Gli aumenti dei prezzi dell’energia, se non vengono compensati da miglioramenti dell’intensità energetica, possono avere serie ripercussioni sia sui costi di produzione sia sulla competitività industriale. Per quanto concerne i miglioramenti in termini di efficienza energetica, l’UE ha fatto registrare risultati migliori rispetto ai suoi principali concorrenti in numerosi settori manifatturieri.
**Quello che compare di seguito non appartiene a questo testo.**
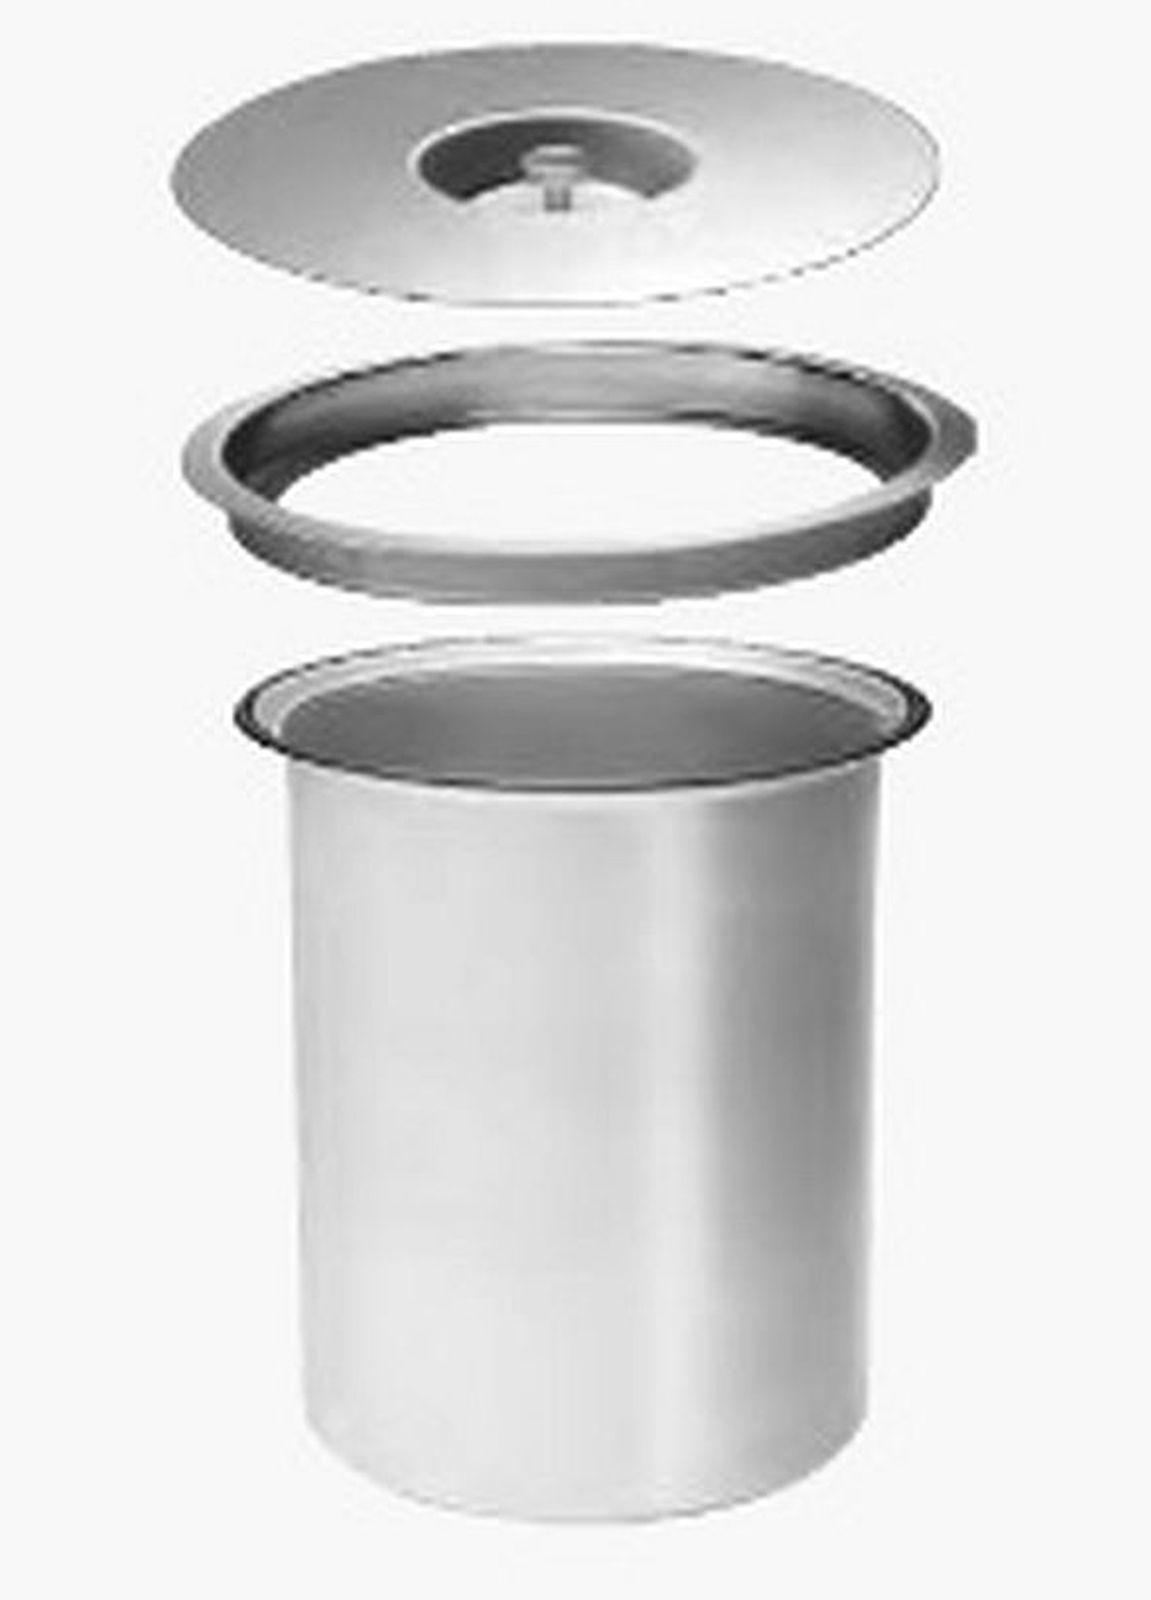 Komposteimer Küche | Jtleigh.com - Hausgestaltung Ideen

La relazione indica tuttavia che in generale tali miglioramenti non sono bastati a neutralizzare completamente gli effetti negativi dell’aumento dei prezzi dell’energia: un aumento dei prezzi dell’energia elettrica pari all’1% provoca una variazione dell’intensità energetica negativa ma inferiore a 1 in quasi tutti i settori, il che porta ad un aumento complessivo dei costi energetici negli ambiti produttivi e del valore aggiunto. Prendendo spunto da tali risultati, la relazione dimostra che un aumento dei costi energetici ha avuto conseguenze negative per la competitività delle esportazioni; ciò conferma l’importanza del lavoro intrapreso dalla Commissione nel campo dei costi e dei prezzi energetici. Come era prevedibile, i settori ad elevata intensità energetica sono quelli più duramente colpiti dall’aumento dei costi dell’energia.